Guptan R C, Thakur V, Sarin S K, Banerjee K, Khandekar P
Department of Gastroenterology, GB Pant Hospital, New Delhi, India.
Am J Gastroenterol. 1996 Jul;91(7):1312-7.
Infection due to hepatitis B virus (HBV) could be due to wild or mutant (precore or surface) viruses. The prevalence and clinical profile of different viral forms in patients with chronic liver disease has not been established.
One hundred and twenty patients with histologically proven HBV-related chronic liver disease were studied. Patients with dual infection with HCV/HDV/HIV, past history of interferon therapy, or autoimmune hepatitis were excluded. Eighteen (15.5%) patients had the precore mutation (HBsAg +ve, HBeAg -ve/anti-HBe +ve, HBV DNA +ve), and 13 (10.8%) had the surface gene mutations (HBsAg -ve, HBeAg -ve, IgG anti-HBc, and HBV DNA +ve). The remaining 89 (74.2%) patients were infected with wild type HBV. The course of all patients with mutant forms and 41 of those with the wild type form was followed for a mean (+/- SD) of 4.4 +/- 2.4 yr.
Compared with wild-type-infected patients, those with surface mutation were younger (39.9 +/- 14 vs. 30.1 +/- 12.4 yr, p < 0.05). Patients with precore mutations had a shorter illness than those with surface mutant (p < 0.01) and wild forms (p < 0.05). Histologically, patients with precore type had more active liver disease than wild type (39% vs. 15%, p < 0.05). Patients with precore mutations were always symptomatic, often presenting with ascites (67%) and jaundice (55%). Patients with surface mutant forms often presented with quiescent cirrhosis (77%) or cirrhosis with hepatoma (15%).

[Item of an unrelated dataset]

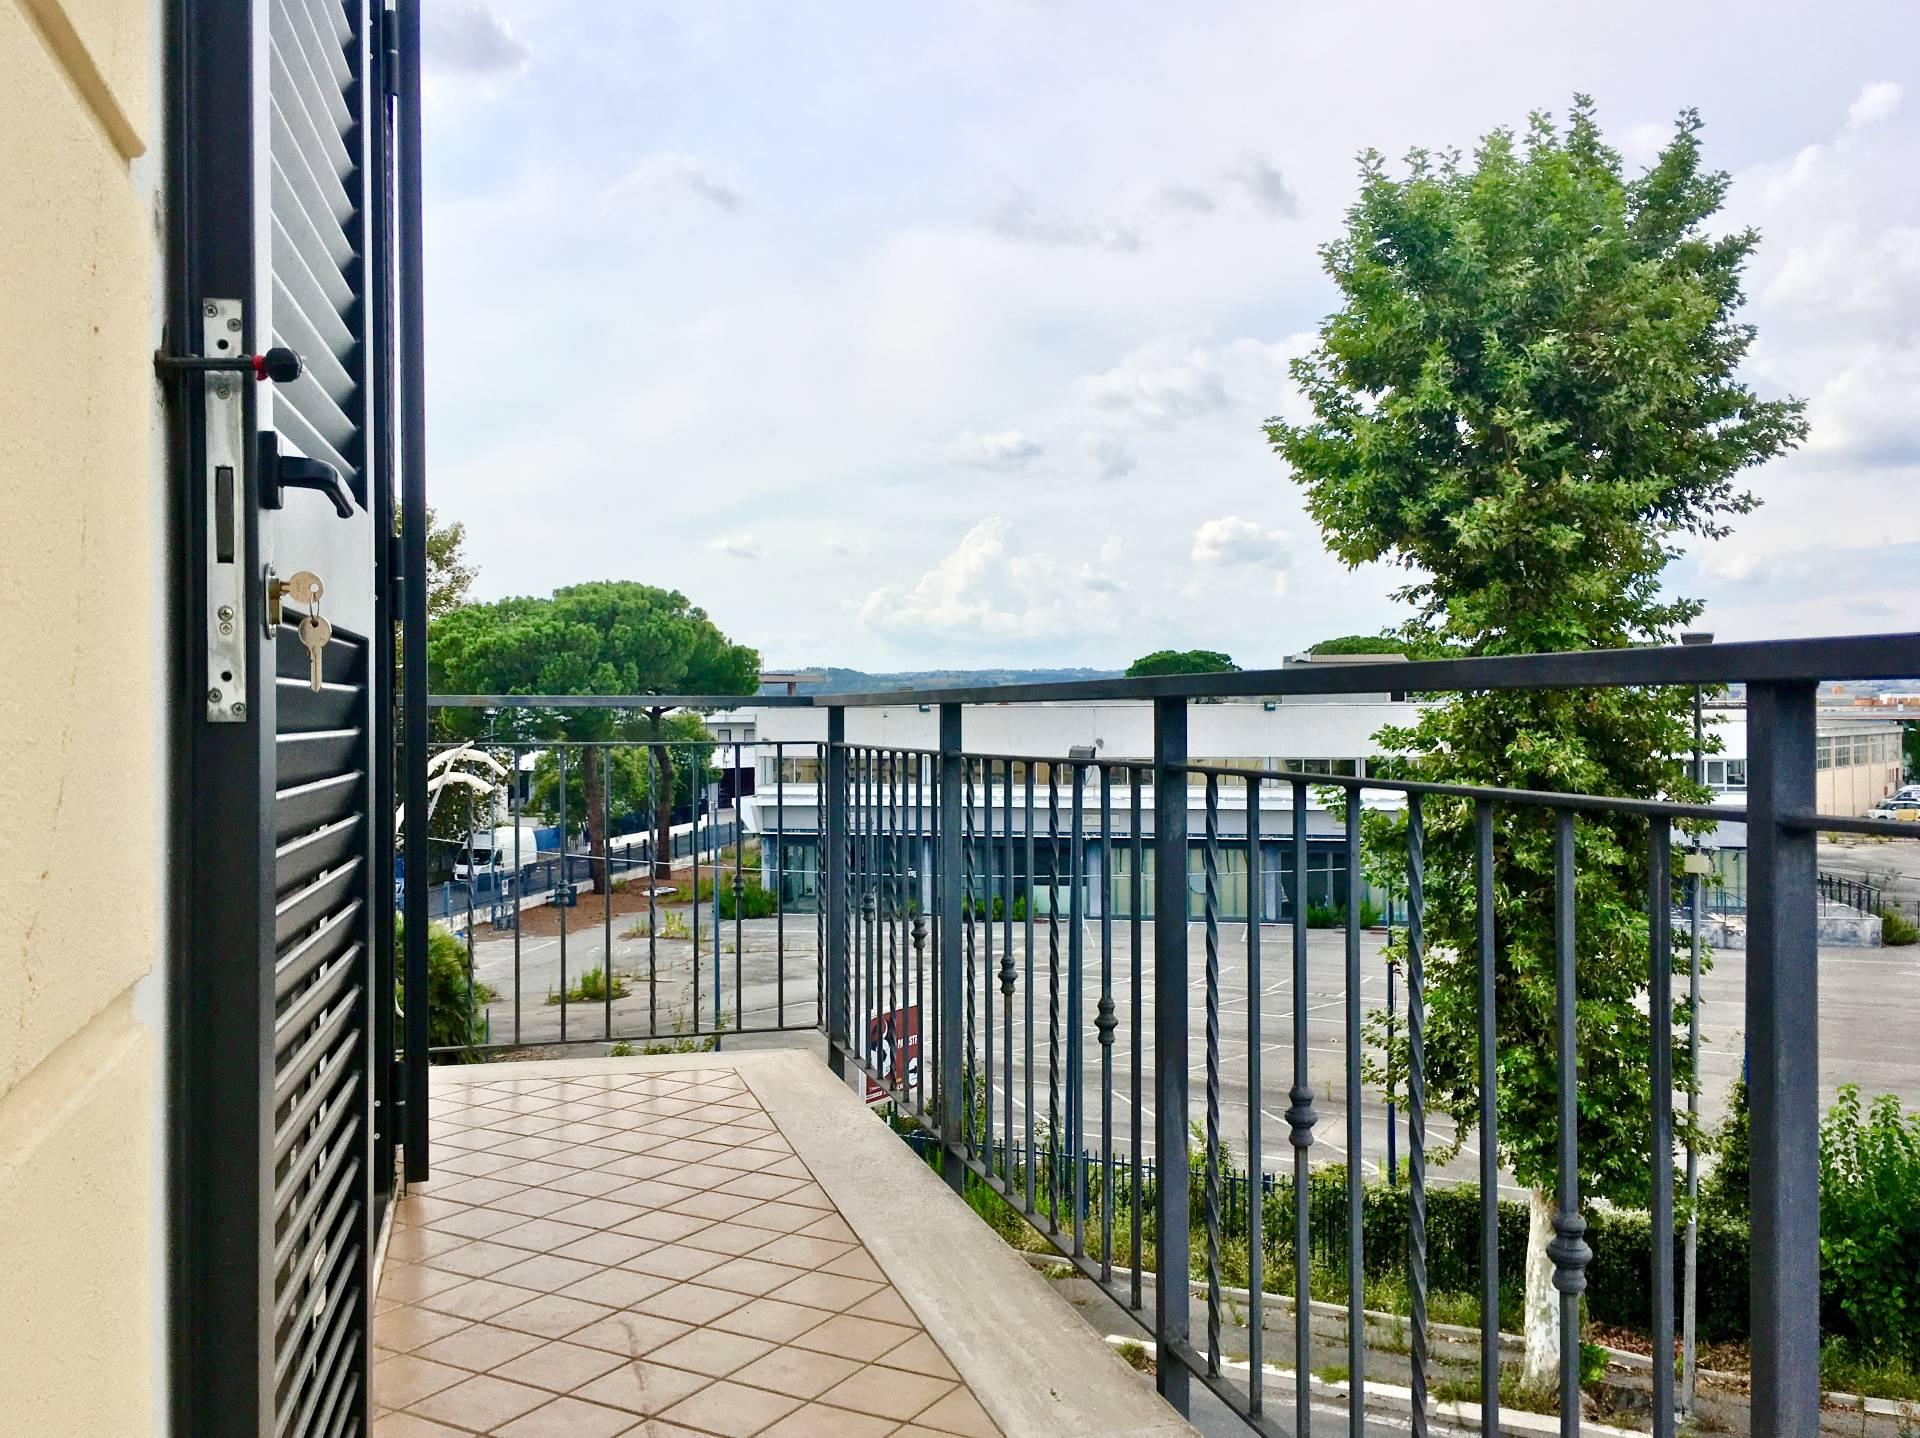 Cbi049 235 ms1120 appartamento in affitto a monterotondo for Affitto ufficio monterotondo

One-fourth of HBV-related chronic liver disease in Asian Indians is attributable to mutant HBV forms. The presence of variant viruses alters the natural history of the disease, with the precore variance having a more aggressive course and the surface mutant, a more quiescent but unfavorable course, compared with the wild type.
乙型肝炎病毒(HBV)感染可能由野生型或突变型(前核心区或表面区)病毒引起。慢性肝病患者中不同病毒形式的患病率和临床特征尚未明确。
对120例经组织学证实为HBV相关慢性肝病的患者进行研究。排除丙型肝炎病毒/丁型肝炎病毒/人类免疫缺陷病毒双重感染患者、既往有干扰素治疗史的患者或自身免疫性肝炎患者。18例(15.5%)患者存在前核心区突变(HBsAg阳性,HBeAg阴性/抗-HBe阳性,HBV DNA阳性),13例(10.8%)患者存在表面基因突变(HBsAg阴性,HBeAg阴性,IgG抗-HBc阳性,HBV DNA阳性)。其余89例(74.2%)患者感染野生型HBV。对所有突变型患者和41例野生型患者进行了平均(±标准差)4.4±2.4年的随访。
与野生型感染患者相比,表面基因突变患者更年轻(39.9±14岁对30.1±12.4岁,p<0.05)。前核心区突变患者的病程比表面基因突变患者(p<0.01)和野生型患者(p<0.05)短。组织学上,前核心区突变型患者的肝病比野生型更活跃(39%对15%,p<0.05)。前核心区突变患者总是有症状,常表现为腹水(67%)和黄疸(55%)。表面基因突变型患者常表现为静止性肝硬化(77%)或伴有肝癌的肝硬化(15%)。
亚洲印度人中四分之一的HBV相关慢性肝病归因于突变型HBV形式。与野生型相比,变异病毒的存在改变了疾病的自然史,前核心区变异病程更具侵袭性,表面基因突变型病程更静止但预后不良。